Today Johnson opened with a full apology for the behavior of his staff who were filmed laughing at an anti-lockdown party. This probably earned him some credit with his backbenchers, and it made the subsequent trade a little easier than it otherwise would have been. The other obvious option (see 9:38 am) would have been much worse.

But that’s about all that can be said about his scheme, as he failed the sincerity / credibility test. This morning I suggested that Johnson could either confess and apologize or blame others for something he was not aware of. At PMQ, he combined the two approaches. His apologies were of the Irish famine type; what happened was horrible, and he apologizes wholeheartedly, but that apology is severed from responsibility, because others were to blame.

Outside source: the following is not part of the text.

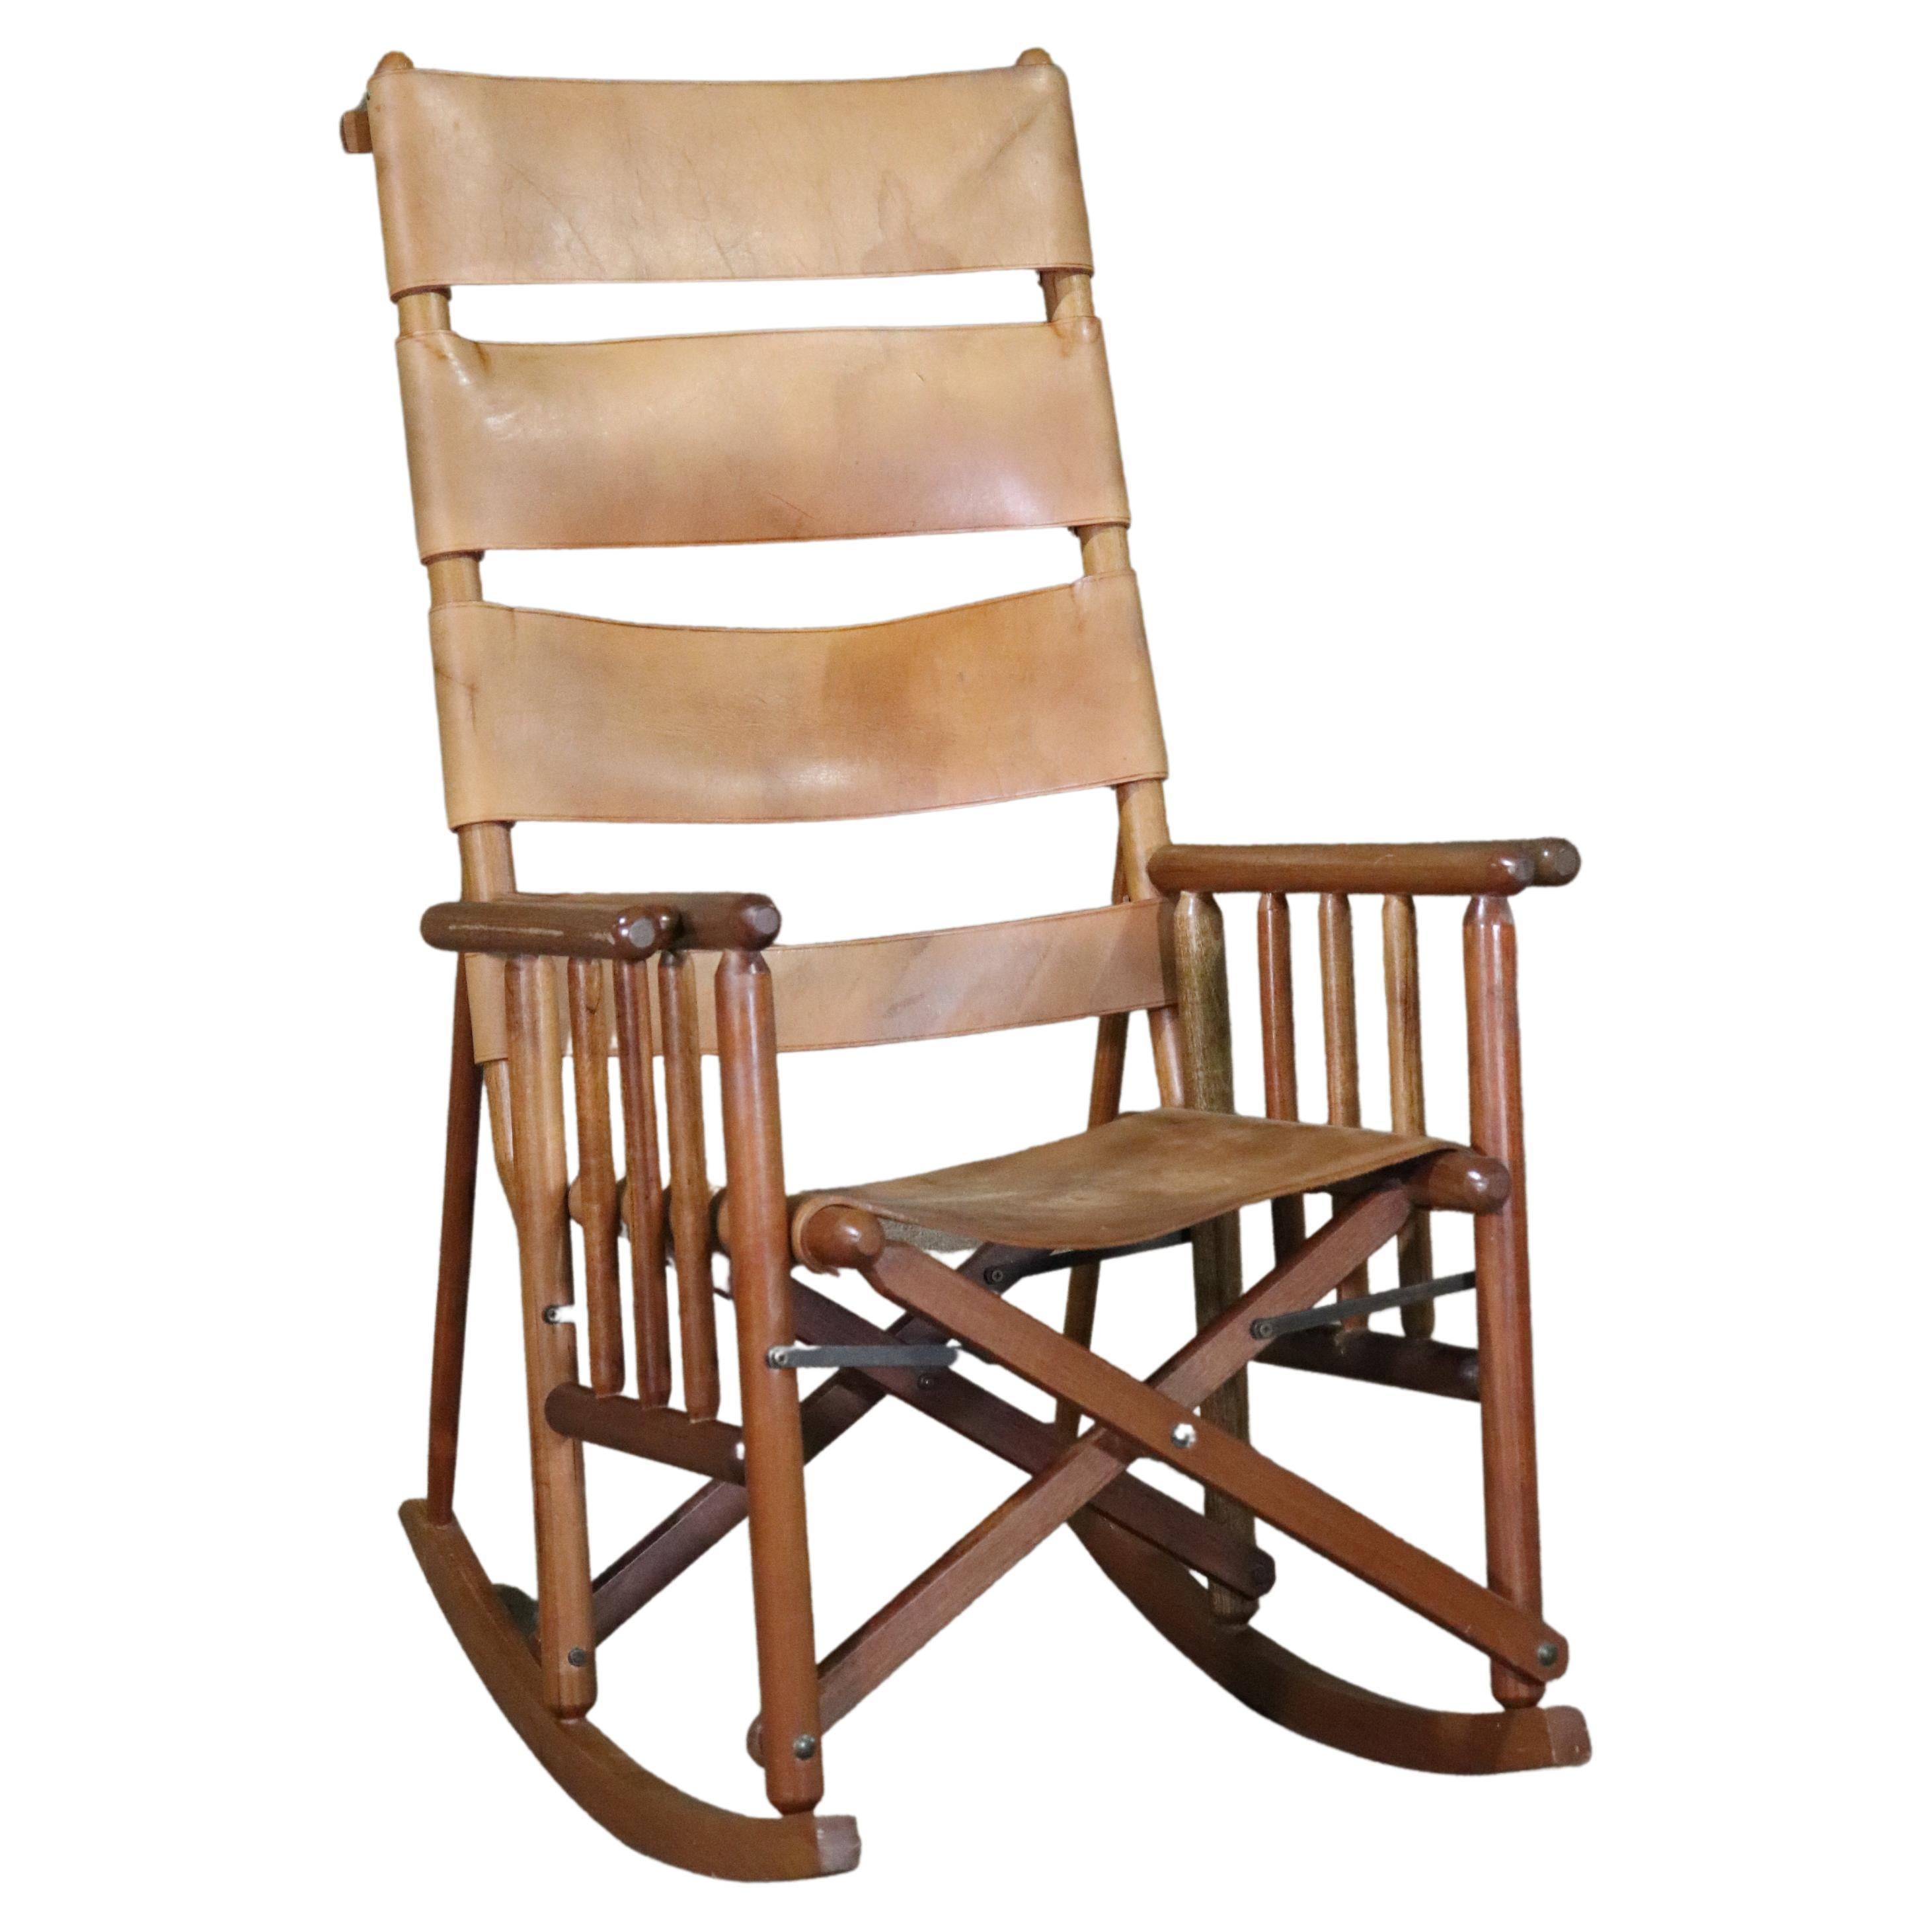 Folding Leather Strap Rocking Chair For Sale

Regarding responsibility, he made it clear that he had sought reassurance that no rule was broken and that he had been given some. He also announced an investigation, which may well allow him to report in the future that “alas” he was misled. The junior heads may well have to roll.

The problem with this, of course, is that the idea that Johnson (the most anti-lockdown and rule-averse member of government) was being kept in the dark about the anti-lockdown parties by dozens of employees fearing his answer is implausible. . Starmer made this point very effectively, with humor and moral force. He even managed to pray to help the queen.

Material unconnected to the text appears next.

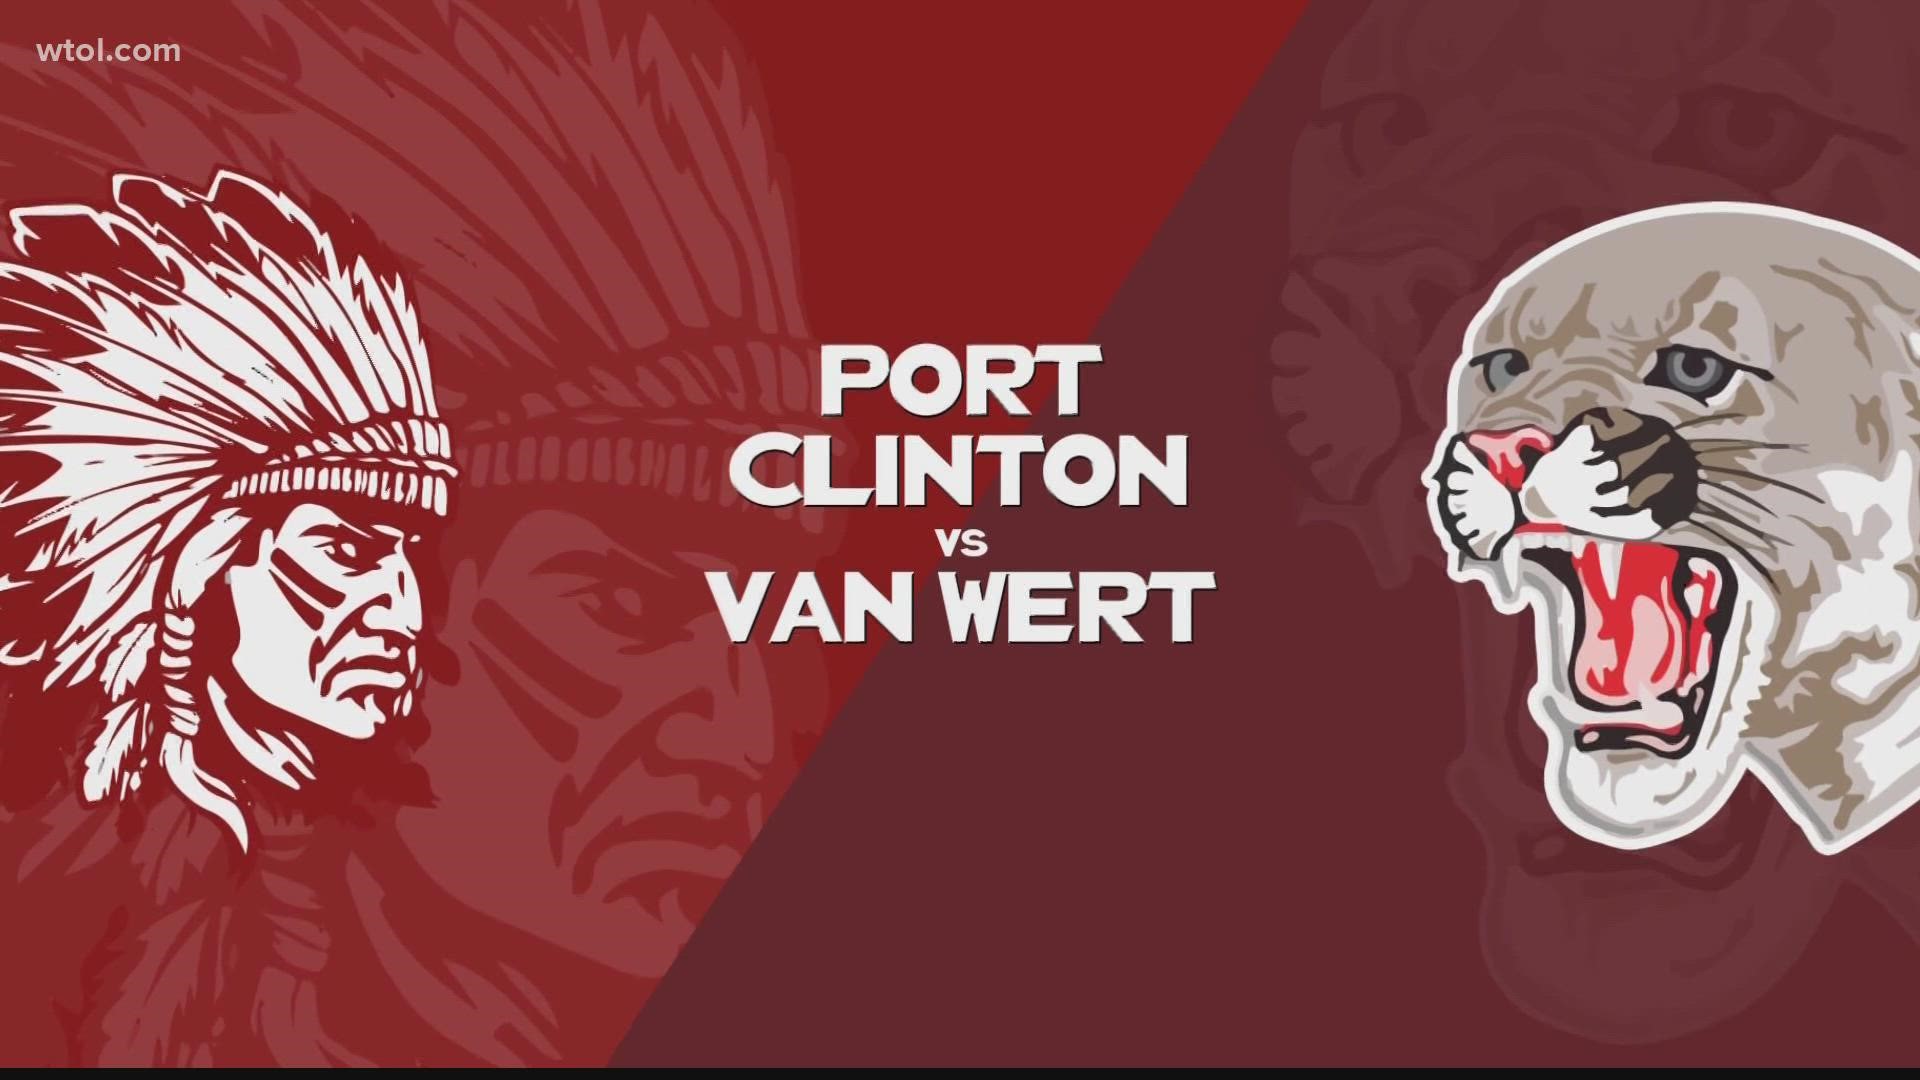 Division IV. Port Clinton having their best season in school history. Redskins facing defending state champs Van Wert. Can they make history with an upset?

Her Majesty The Queen was seated alone when she marked the passing of the man she had been married to for 73 years. Leadership, sacrifice – this is what gives leaders the moral authority to lead. Does the Prime Minister think he has the moral authority to lead and to ask the British people to play by the rules?

Subsequently, during points of order, a Conservative member complained about this reference to the queen, which is not normally discussed during parliamentary business. The President gave him a brief delay, and the exchange suggests that Starmer has struck a chord.

Johnson made matters worse for himself by accusing Starmer of playing politics with the problem. He would have been better off repeating the apology line six times, but on his third response to Starmer, he seemed tired of apologizing and instead brought up the accusation of “playing politics.” Even at the best of times, this is a weak political line of attack (this only ever impresses ultra-partisans, who will support you anyway) and a day when Johnson appears to be planning a cat slaughter. on a scale so blatant that even his backbenchers noticed (see 11:18 and 12:40), it seemed even less appropriate.